We asked Chicago’s school leaders two questions:

 

Despite the fact that one-fourth of their administrator have medical conditions that make them a high-risk for not surviving a COVID19 infection, CPS officials attempted to coerce high-risk administrators into reporting to their buildings and interact with hundreds of people--and in some cases more than a thousand--for food and computer distribution with no protective supplies, materials, or training.

 

What We Need

Equipment and Supplies: Personal Protective Equipment and safeguards for ALL school staff on site
Personnel: Paid personnel, security, and tech support to aid food and computer distribution
Policy: Require staff with high-risk health conditions to work from home

 

Principal Voices

The following statements were submitted as comments through CPAA surveys on COVID19 safety.
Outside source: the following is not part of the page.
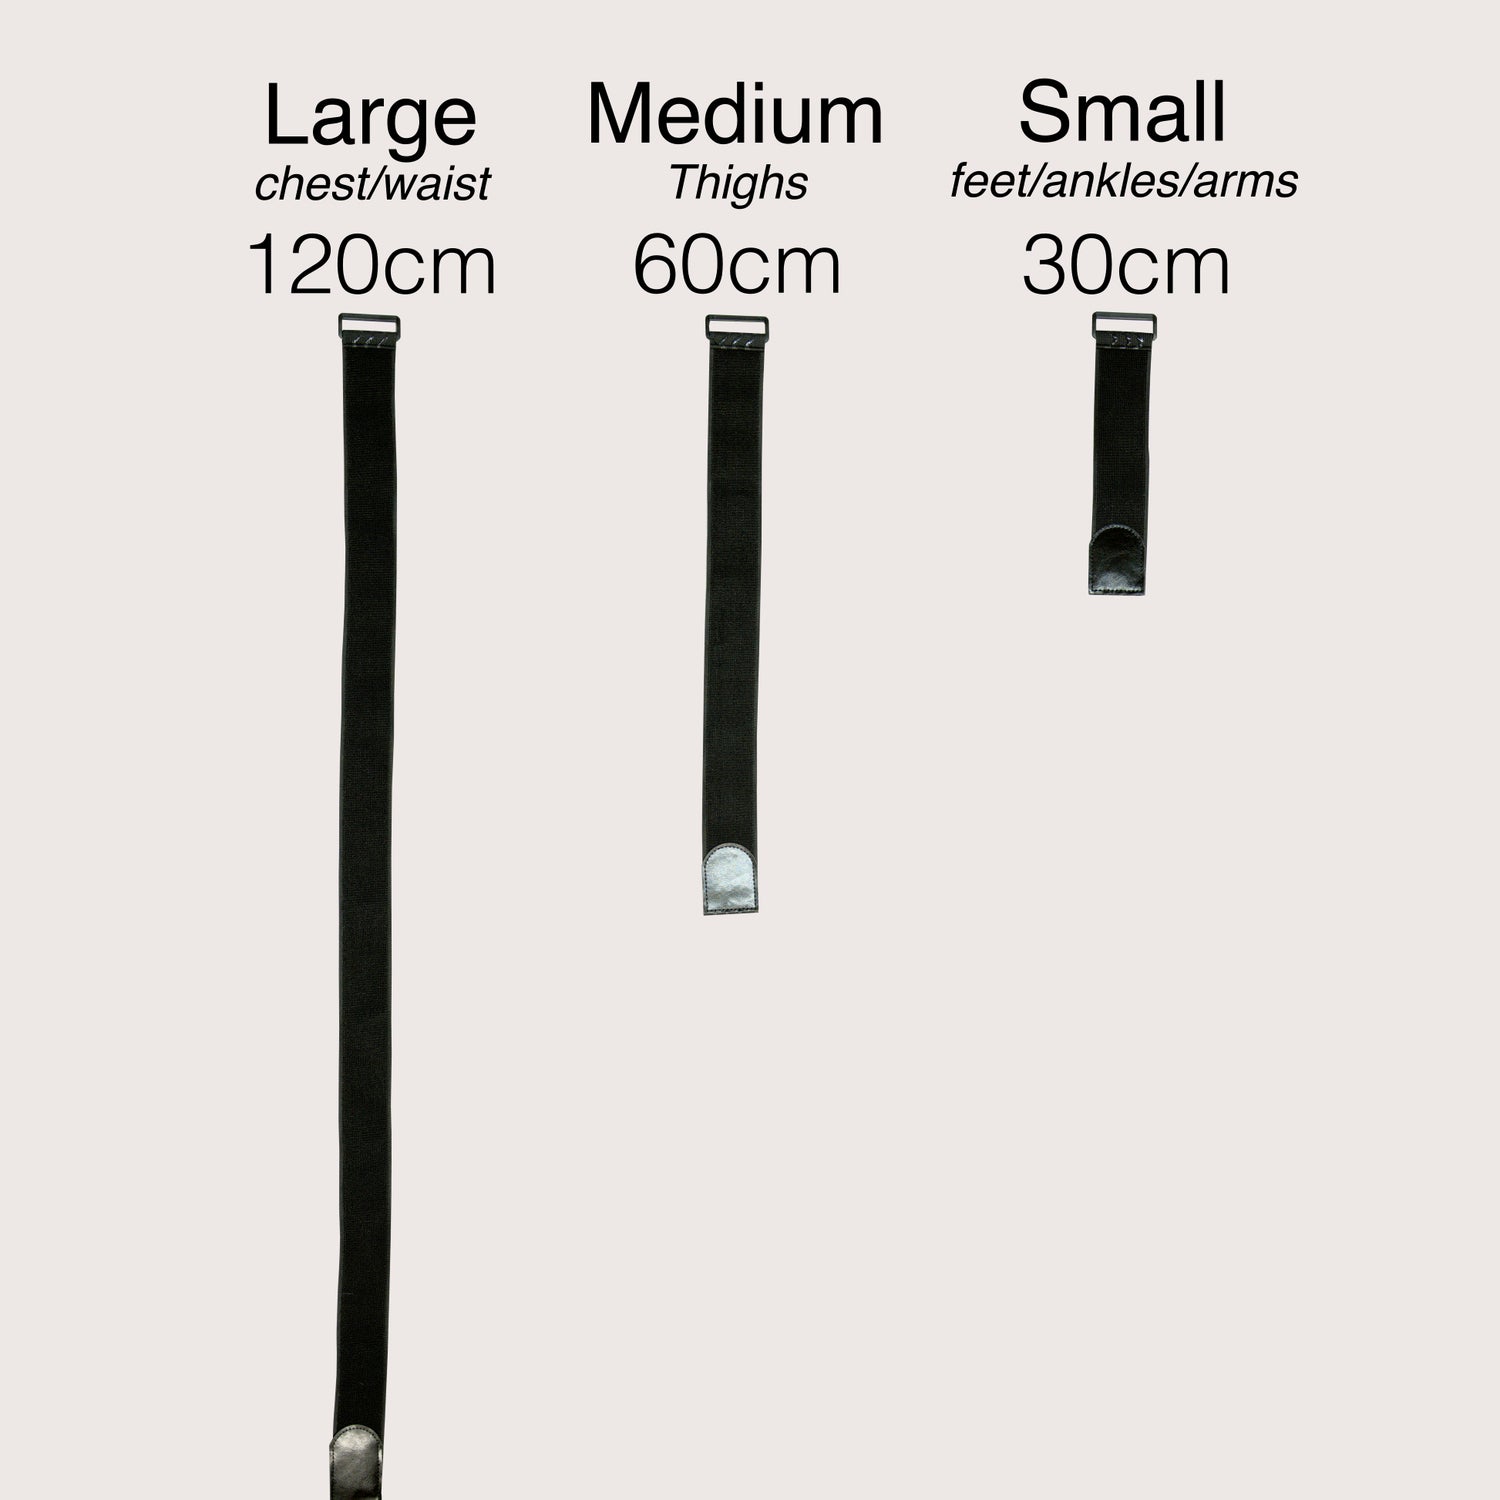 Varying sizes of elastic bands to secure EROS Trackers to your limbs. The Large strap intended for chest and waist trackers is 120cm. The Medium strap intended for thigh trackers is 60cm. The Small strap intended for feet, ankle, and arm tracking is 30cm. For motion tracking of your lower limbs, you will need 1 large, 2 medium, and 2 small straps. For true full-body tracking, you will need 2 large, 2 medium, and 6 small straps.

“I had to make face masks for my staff myself.”

“I have never felt more dispensable in my entire professional life.  There have been NO instructions about how to safely hand out the technology. I have underlying medical conditions. It feels like CPS truly doesn't care if I get sick, as long as they say they got out technology to students.”

“Grocery stores are having their employees wear face masks/putting up plastic dividers between customers and cashiers - but CPS is not doing that for food distribution workers or administrators.”

“Our zip code has already reported 370 cases of COVID-19. Did they even look at that data before selecting the sites?”

“No hand sanitizer provided. Even after the Chicago Department of Health guidelines, no face masks have been provided. We have basically been told we are on our own.”

“The district was poorly prepared for, poorly communicated during, and poorly responded during the pandemic crisis.  Poor leadership at the top continues to shut out the voices of school leadership that could guide them about what it's really like in schools.”

“The district does not care about principals.  If they did, they would have surveyed and asked us directly what we need or what we are worried about.  We have had no input or voice.  The only organization that has asked principals what they need is CPAA.  All of CPS’s guidance is vague so that all solutions come from principals.  They provide no actual resources, funds, or manpower.”

“CPS continuously repeats what the CDC guidance is, but have provided nothing to help us comply with that guidance.”

“Principals asked our Network Chief about the dangers of 100-300 people arriving for food.  Principals were told to 'think of a strategy' to keep people safe.  No support, no added personnel, nothing.”